6 min read

Kelpie: explaining embedding-based Link Predictions

Kelpie: explaining embedding-based Link Predictions

Hello, there!

I'm very excited to announce that my latest paper has been accepted for the SIGMOD 2022 conference! It is my most ambitious work so far, and now that the peer-review process is over, I can finally disclose some details about it.

My work consists in a novel explainability framework for embedding-based Link Prediction models, named Kelpie. Given any link yielded by an embedding-based model, Kelpie can identify why the model predicted it by extracting various types of explanations.

By the way, Kelpies are mythological shapeshifting fish-horse creatures said to dwell in the depths of Scottish lakes, so they seemed the perfect mascot for a machine learning / deep learning project *ba-dum tsss*. Also, “Kelpie” makes a nice acronym: “Knowledge graph Embeddings for Link Prediction: Interpretable Explanations”.

Since this work is heavily invested in Link Prediction on Knowledge Graphs, allow me to start with a brief recap on the topic 😁

Knowledge Graphs and Link Prediction

As I already mentioned in the past, Knowledge Graphs are repositories of real-world information where entities are connected via edges labeled by relations: they thus form <head, relation, tail> triples called facts. Knowledge Graphs are powerful but generally incomplete; Link Prediction tackles this issue by inferring new facts from the patterns and semantics of the already known ones.

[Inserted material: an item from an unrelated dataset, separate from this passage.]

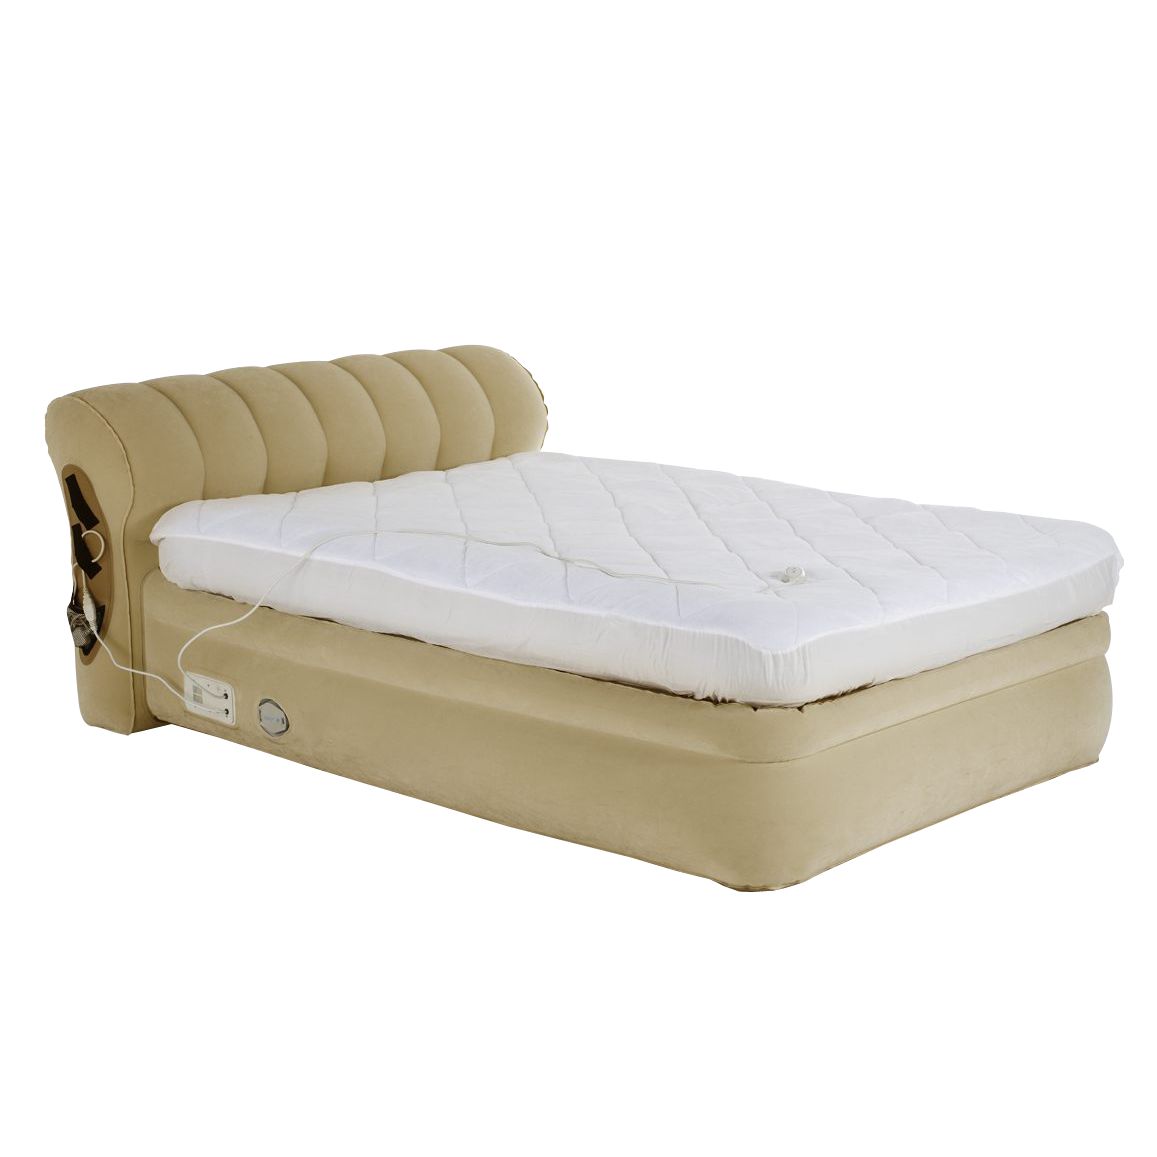 AeroBed Platinum Raised Inflatable Guest Beds with Headboard at John Lewis
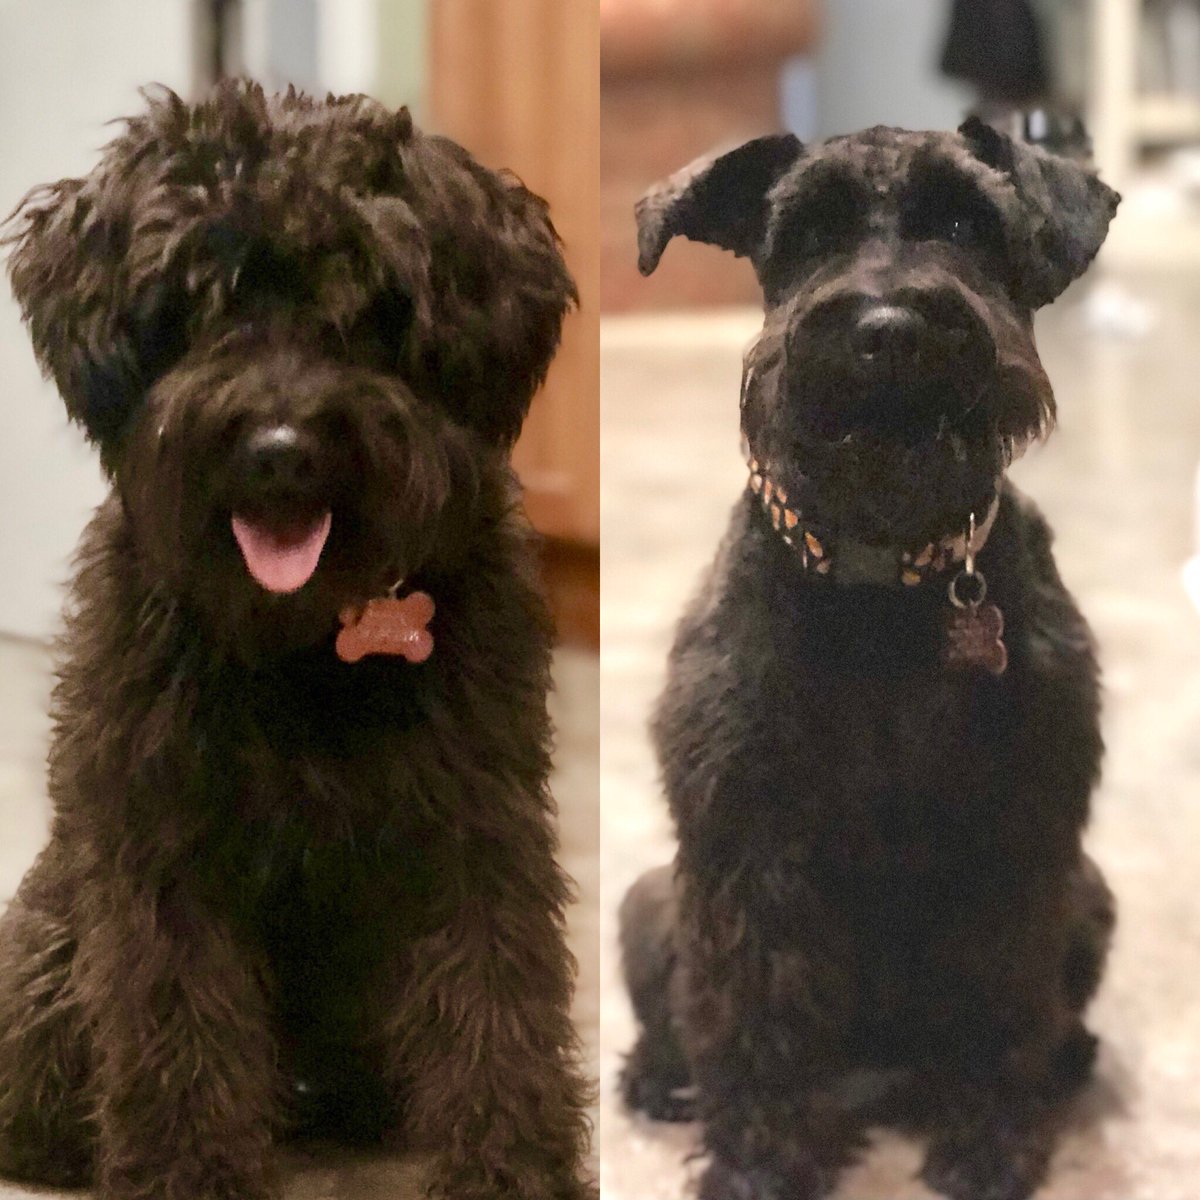 On a rather stressful day with life changing decisions to be made we thought we would bring a little levity 😁 So please vote with a comment below - puppy cut or big girl haircut? Now go VOTE FOR REAL BECAUSE THIS IS NO JOKE. Thank you ♥️#vote #ElectionDay2018 #GoVote

Most Link Prediction models nowadays map the entities and relations in the graph to vectorized representations called Knowledge Graph Embeddings. Embedding-based Link Prediction models generally define a scoring function ÎŚ that, given a head entity, a relation, and a tail entity, uses their embeddings to estimate a plausibility value for the corresponding fact. The embeddings of all entities and relations are usually initialized randomly, and then trained with Machine Learning methods to optimize the ÎŚ values of a set of facts known to be true a priori (i.e., our training set). The trained embeddings should generalize and result in high plausibility scores for unseen true facts too.

Explainability and Link Prediction

Embedding-based models have achieved promising results in Link Prediction, often surpassing traditional rule-based counterparts. Unfortunately, these systems are almost always opaque: the embedding of an entity or relation is just a vector of numbers, with no memory of which training facts have been most influential to it, and with no insights on why it supports certain predictions while hindering others.

Explaining the outcomes of embedding-based Link Prediction models is thus becoming an increasingly urgent challenge. Link Prediction models are often used in scenarios that inherently require explainability, such as fact checking or drug discovery and repurposing; furthermore, explanations can reveal if our systems are leveraging reliable patterns or rather spurious correlation, thus assessing their trustworthiness (or lack thereof).

One could ask: “Why don’t we just use one of the general-purpose explainability frameworks that are already out there? Why do we need a new framework specific for Link Prediction?” The answer is that, unfortunately, no general-purpose frameworks seem to apply well to embedding-based Link Prediction models.

Most explainability frameworks operate by perturbing the features of the input samples and then checking the resulting effect on predictions: if the prediction outcome changes, it means that the perturbed features were relevant, or salient, to it. These saliency-based frameworks, unfortunately, are only useful when the input features of samples are directly interpretable by humans: e.g., macro-pixels in images, or words in a sentence. In the case of Link Prediction, samples are just triplets of embeddings: perturbation approaches would thus just identify the most salient components of those vectors, which would not be informative from a human point of view.

A few frameworks follow a different paradigm, and try to identify the training samples that have been most influential to the prediction to explain. The approach by Koh and Liang, based on the robust statistics concept of Influence Functions, is considered the cornerstone of this category. This approach seems quite sensible for our scenario; unfortunately, Influence Functions are computationally very expensive, and this approach has been proved unfeasible to explain Link Predictions.

Introducing Kelpie

Kelpie overcomes these issues by mixing the advantages of both categories of frameworks. On the one hand, similarly to Influence Function methods, Kelpie explains predictions in terms of the training samples that have enabled them in the first place: on the other hand, it identifies those training samples with a custom, saliency-inspired approach which is feasible for the Link Prediction field.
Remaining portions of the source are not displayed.